Приговоренного к пяти годам Магеррама освободили досрочно; мебельный цех, где он работал старшим мастером, стал систематически перевыполнять план. Администрация колонии относилась к этому трудолюбивому, услужливому человеку даже с долей уважения. Просьба о досрочном освобождении была подкреплена медицинским свидетельством о диабете. А тут всерьез заговорили о готовящейся амнистии...
И однажды - кончался третий год заключения - незнакомый человек постучал в ворота. Гаранфил даже лица его не разглядела в сумерках. "На днях ждите мужа", - шепнул незнакомец и растаял за пределами слабого света, качающегося на ветру фонаря.
* * *
Вернулся он теплым летним вечером. Вот уже несколько дней ждала его Гаранфил, выглядывала в окно при звуке приближавшихся машин. Беспокойное состояние матери передалось и детям. Играя во дворе, они то и дело выскакивали на улицу. Теперь калитка их не запиралась на щеколду, как прежде.

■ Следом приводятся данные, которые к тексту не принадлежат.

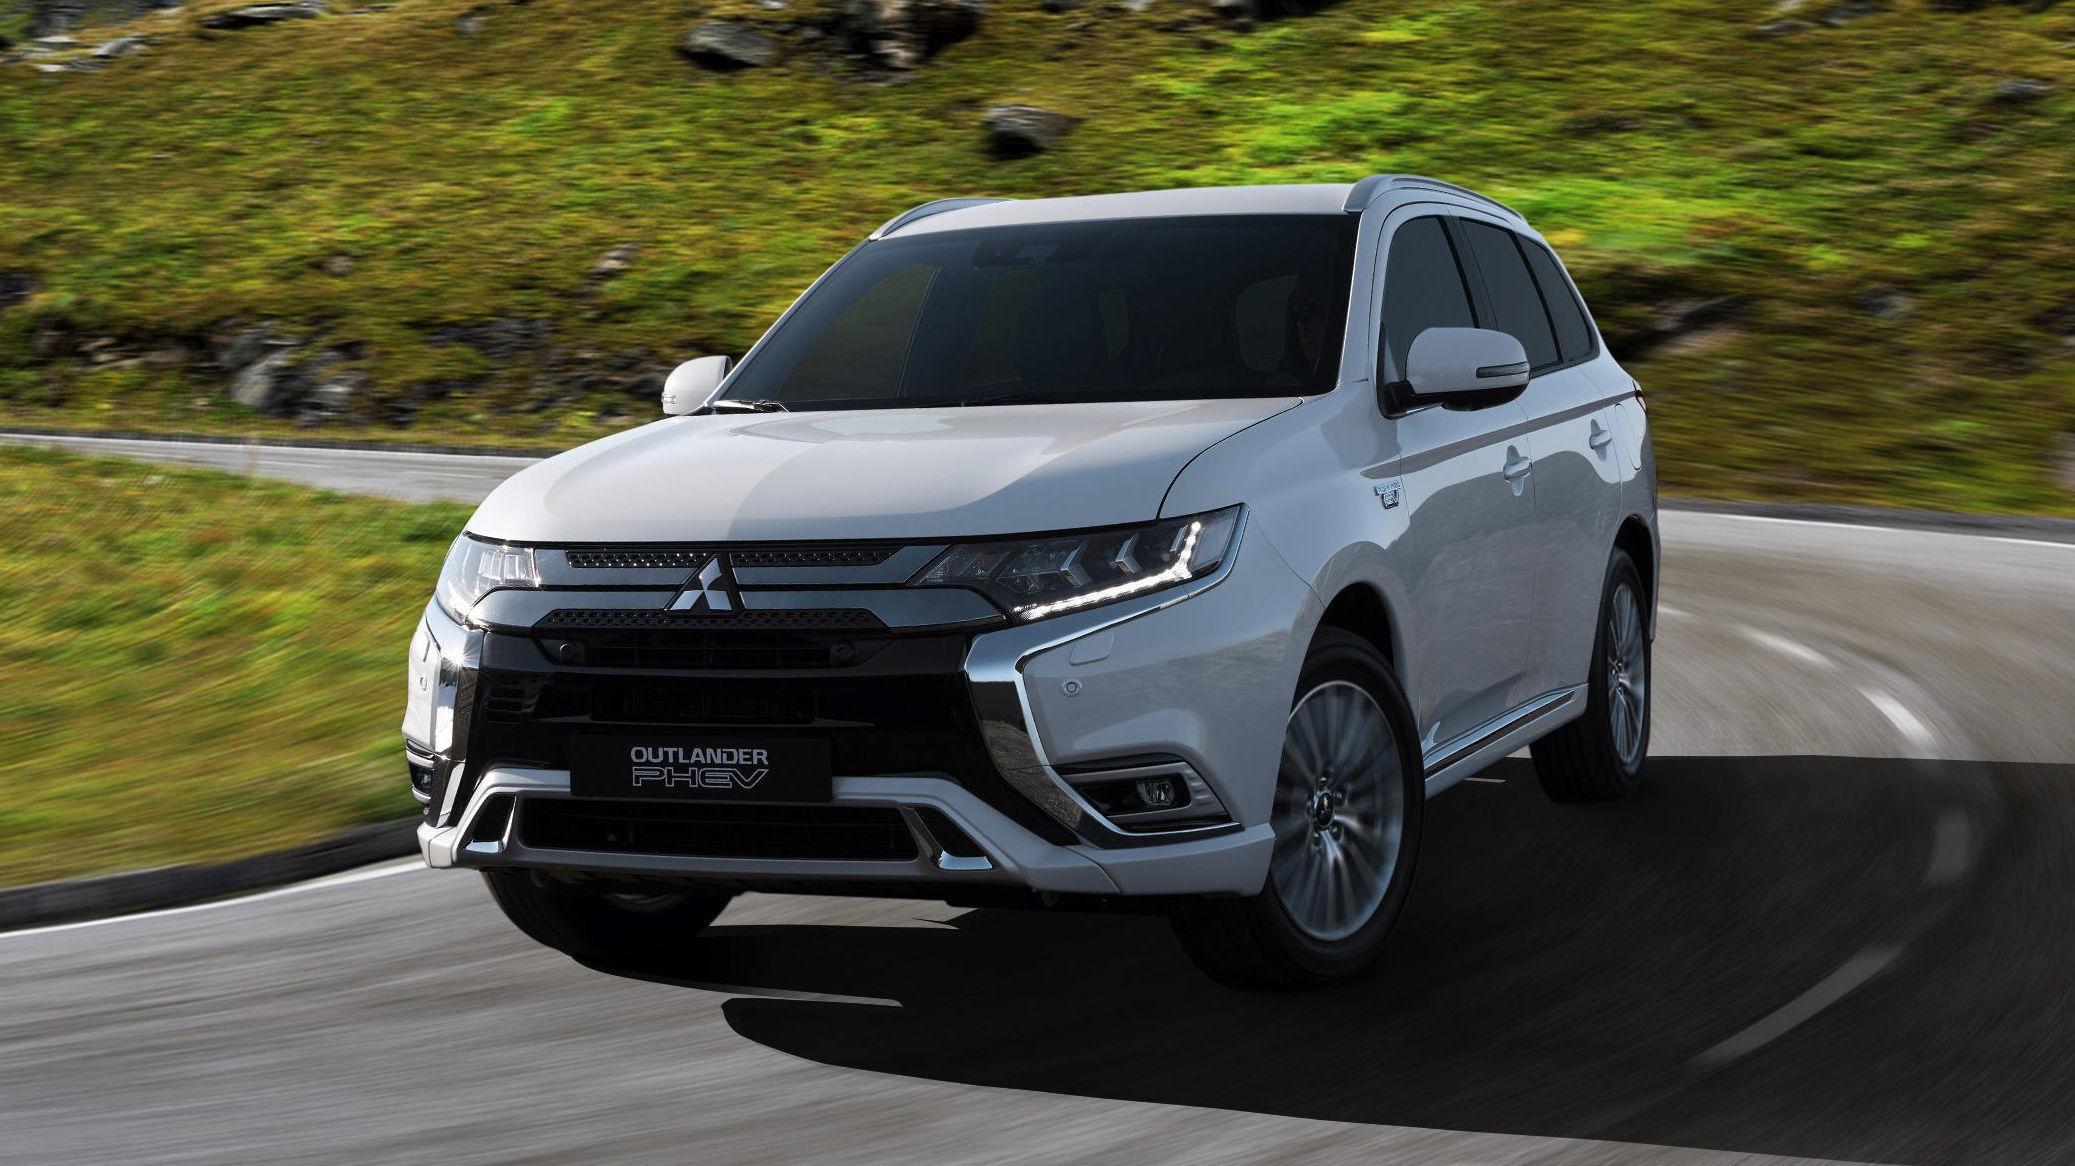 NÅDDE IKKE REKKEVIDDEN: Ingen ladbare hybrider klarte å gjenskape det offisielle tallet for elektrisk rekkevidde, i en praktisk test. Bestselgeren Mitsubishi Outlander er en av dem med størst avvik.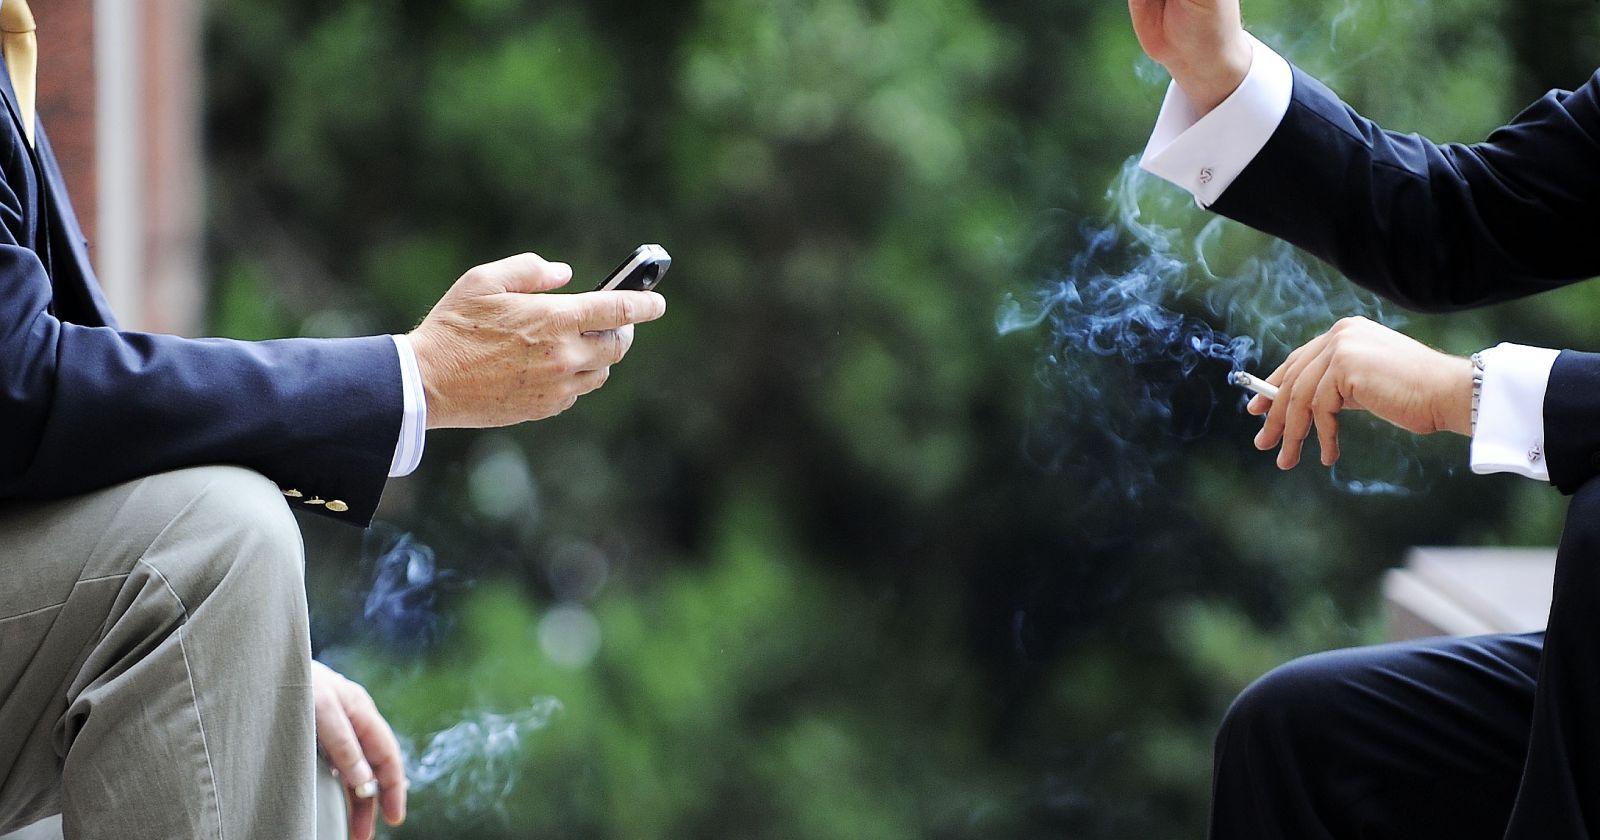 Subir o no subir: el debate sobre el precio de los cigarrillos para disminuir el tabaquismo

Соседки запросто заходили к Гаранфил посидеть, поболтать в прохладной тени под деревьями, выпить стаканчик чая.
Скрипнула на заржавевших петлях калитка, встрепенулась Гаранфил, и звонкий мальчишечий голос крикнул:
- Папа! Папа пришел!
Через несколько секунд подросшие за три года мальчишки висели на Магерраме, как лягушата, и только двенадцатилетняя Солмаз, поразившая Магеррама своим сходством с Гаранфил, смущенно жалась к матери.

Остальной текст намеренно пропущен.